Urine color is another good indicator.
If it’s dark yellow, you need more water. In fact, many people have darker urine in the morning, after not drinking anything for eight hours.
If you aren’t thirsty and produce odor-free urine that’s slightly yellow, you’re getting enough fluids, says Brendon McDermott, Ph.D., assistant professor and co-director of the Applied Physiology Laboratory at the University of Tennessee at Chattanooga.
“It should be light yellow to yellow, like lemonade,” he says. “Darker urine resembling iced tea indicates dehydration.”
Darker, more concentrated urine also can lead to other health problems.
That’s because it can leave bacteria behind in the urinary tract and trigger bladder irritations and urinary tract infections (UTIs), says Ariana Smith, M.D., urologist and assistant professor at the University of Pennsylvania in Philadelphia.
When to drink more water than usual
Sometimes, your body might need more water than usual – for example, when you're in a hot or humid climate, sweating more than normal, breathing more rapidly, or at high altitudes of more than 8,000 feet.
Other situations for drinking more water to stay hydrated include:
You’re prone to certain health conditions such as kidney stones. Water helps flush stones through the system.
You’re sick with fever, vomiting or diarrhea. Your body loses additional fluids that need to be replenished.
You’re pregnant or breast-feeding.

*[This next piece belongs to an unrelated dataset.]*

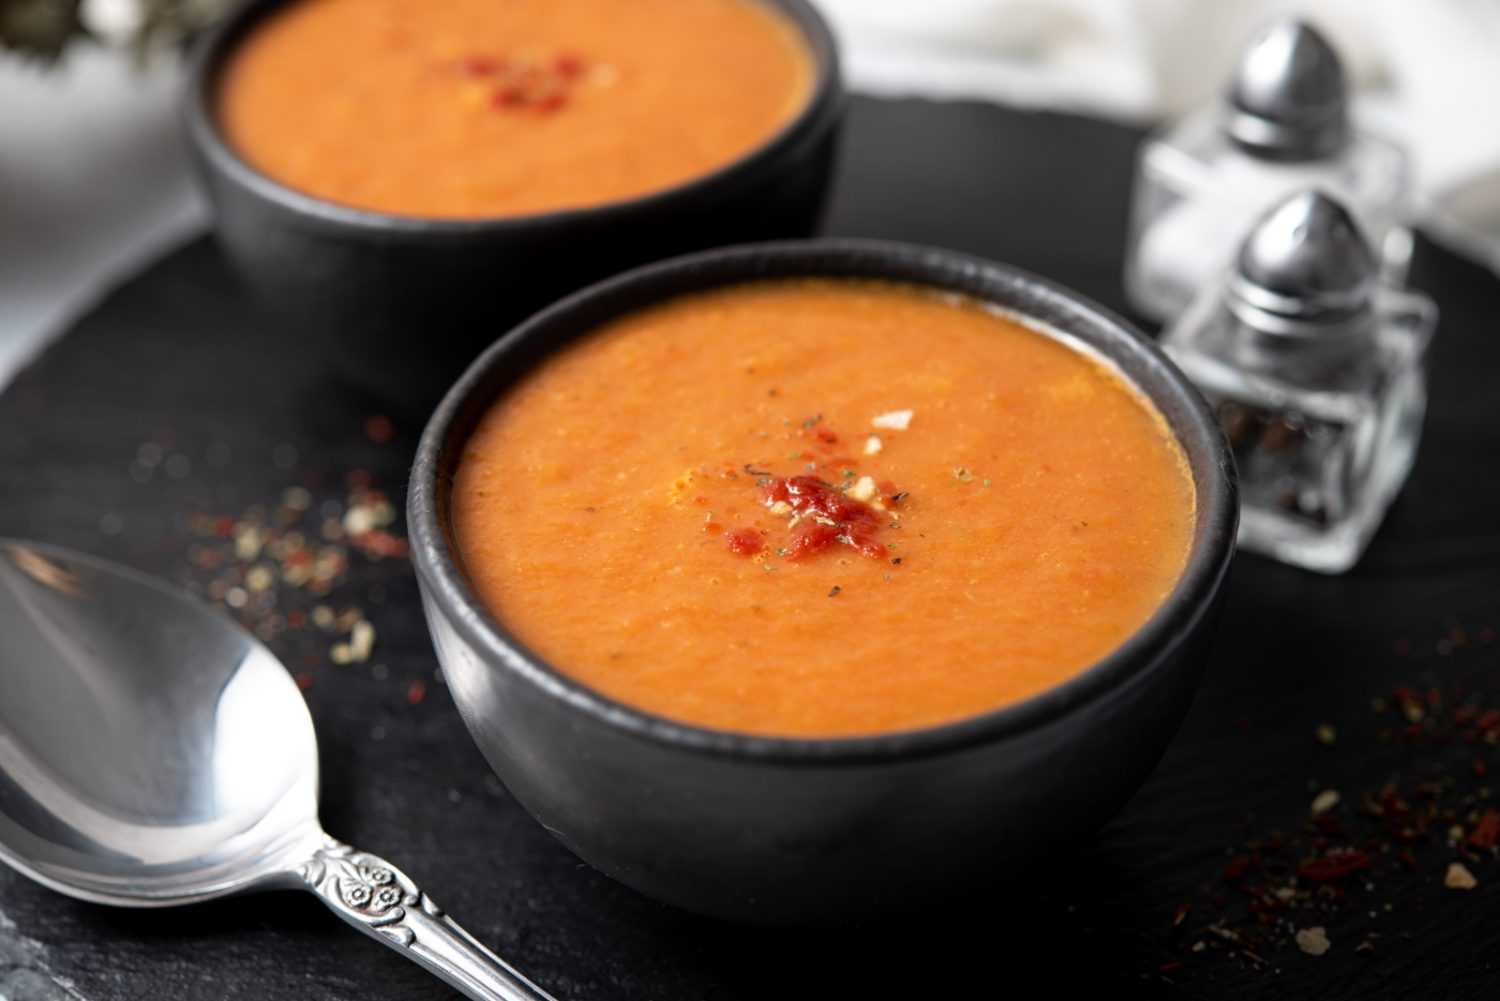 Blended tomato soup in two bowls topped with spices

The Institute of Medicine recommends pregnant women drink nearly 10 cups of fluids a day, and breast-feeding mothers get 13 cups of fluids daily.
An intense workout is another reason to consume extra water.
Include that cold beer on a hot day, but beware: Alcohol is also a diuretic, and drinking too much may leave you feeling thirsty, not quenched.
For easy workouts, replenishing with plain water is fine.
But for intensive workouts – such as training for a marathon – consider a sports drink.
That’s because when you sweat, you use electrolytes, salts and minerals that conduct electrical impulses in the body.
Sports drinks are made to replace those losses.
In fact, a 2010 New Zealand study showed that sports drinks taste better the more unbalanced your electrolyte levels get.
“You would need very intense exercise that uses enough of your electrolytes [to] need a sports drink,” Rolls says. “If running a marathon, it doesn’t hurt.”
For those who don’t run marathons, sports drinks will do no harm, but water is still better, Rolls says.
Don’t get over-hydrated
Drinking more fluids than your body can handle decreases levels of sodium, which is key in maintaining blood pressure.
It may lead to a rare life-threatening condition called hyponatremia that often causes nausea, vomiting, confusion and loss of consciousness.
“Over-hydration can cause cramps, headaches, weakness – even epileptic seizures when sodium is excessively diluted,” says François Lette, M.D., a physician in Executive and International Medicine at Mayo Clinic’s Florida campus.
Fortunately, when we overconsume water our bodies have a built-in coping mechanism.
When blood sodium levels drop, “our thirst shuts off, we stop drinking and our kidneys turn on to excrete the excess water as urine,” Murray says.
Still, why do some people drink more water when they’re not thirsty?
It may be habit, Rolls says. “You can get conditioned to need it.”